Efforts are gaining pace to give Indonesia’s private sector a larger role in bringing the curricula of the country’s vocational and technical schools closer in line with market demands.
A memorandum of understanding (MoU) signed by five ministers in November outlines plans to enlist the help of industry players in developing the educational programmes of technical and vocational training (TVET) institutions.
The signatories represented the Ministry of Industry, the Ministry of Research, Technology and Higher Education, the Ministry of Education and Culture (MoEC), the Ministry of State-Owned Enterprises and the Ministry of Manpower.
The MoU paves the way for business leaders to be recruited as instructors at TVETs, while also allowing for the creation of internships and on-site training programmes for students and teachers.
Bringing in businesses
President Joko Widodo told local press in September that it was essential for private sector requirements to be reflected in the teaching at Indonesia’s vocational educational institutions, which number around 13,000, according to the MoEC.
“We have to involve the business world and industries because they have a better understanding of the needs of the workforce,” he said.
As a pilot initiative under the agreement, three private sector companies are developing specialised programmes in partnership with 20 vocational high schools (sekolah menengah kejuruan, SMKs) nationwide.
Fertiliser producer Petrokimia Gresik will collaborate with seven SMKs in East Java, while automobile giant Astra Honda Motor will team up with nine schools in Banten and South Sulawesi.
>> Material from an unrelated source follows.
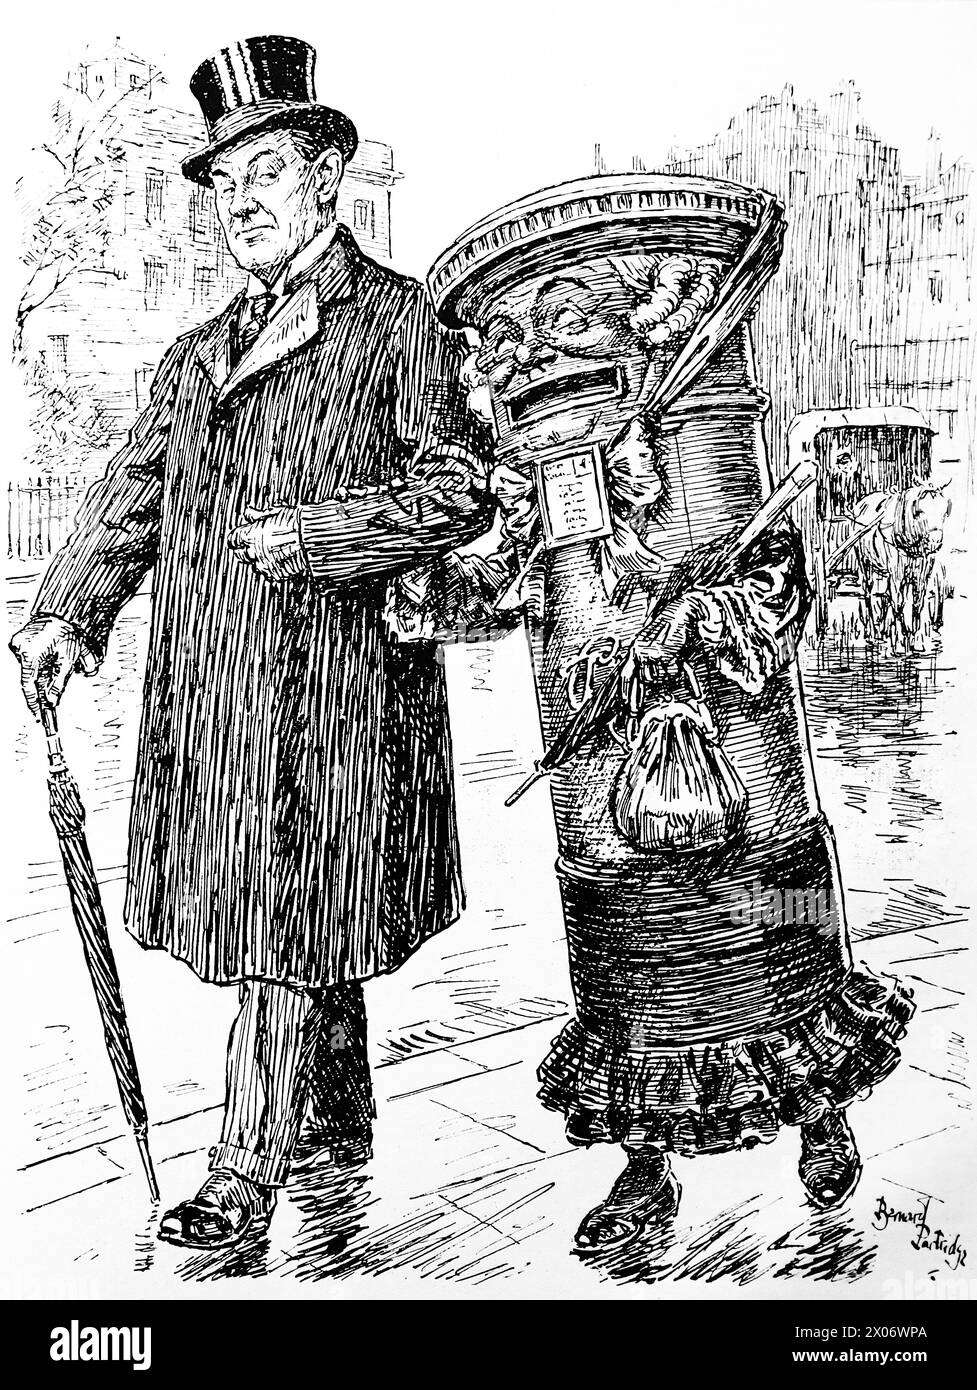 Penny-Halfpenny Wise by Bernard Partridge, 19 November 1924, showing a lady mailbox asking Stanley Baldwin if he will reduce postal rates. Photograph from a line drawing originally printed in the Punch and London Charivari periodical in 1924. This is a good example of the skilful artists and the humour and satire of the time. Stock Photo

The third firm, polypropylene producer Polytama Propindo, is set to enter into a partnership with four SMKs in West Java.
“If industry players provided [the government] with a labour requirement forecast, like how many auto mechanics or hotel employees they would need in the next five years, then we could adjust the SMK curriculum to meet such needs,” Muhadjir Effendy, the minister of culture and education, said in November.
In another move to enhance the employability of graduates, programmes leading to the award of skills certificates will also be offered at SMKs.
Darmin Nasution, the coordinating minister for economic affairs, said in November that students will be able to take the training courses in addition to their graduation diploma. The new certification process, he said, would enable employers to identify potential recruits with the necessary skill sets at an earlier stage, and speed up hiring processes for both firms and candidates.
The initiative should also allow students that drop out of diploma programmes early to have some level of certification that prospective employers recognise.
Bridging the gap
These moves form part of a broader set of reforms aimed at addressing skills gaps across Indonesia’s economy and, in turn, boosting the country’s competitiveness and growth prospects.
A report issued by McKinsey Global Institute (MGI) in 2012 found that Indonesia could become the world’s seventh-largest economy by 2030, “but only if it can further boost productivity to meet growth targets ”.
Data released by Statistics Indonesia (BPS) in November found that 11.1% of graduates who qualified at vocational high school were unemployed as of August, the highest rate among all of Indonesia’s graduates. This compares to a nationwide unemployment rate of around 5.6% at the time, according to BPS figures.
This underemployment comes despite accelerating labour market demand. Indonesia needs to bring 3.8m new skilled workers into the economy annually through to 2030 to close the skills gap and realise the country’s potential, Hanif Dhakiri, minister of manpower, told media.
“There is a shortage of 56m skilled workers, and that has to be filled in 14 years,” he said at the signing the MoU in November.
The following month, the MoEC directed SMKs to focus on six priority sectors and fields with high potential for growth and a demand for skilled workers, namely tourism, maritime programmes, food security, creative industries, construction and energy.
A special focus was placed on the renewables segment in early February, when the Directorate of Vocational Education and Training of the MoEC pledged to roll out 100 renewable energy tuition programmes at different SMKs and train 500 instructors to teach them.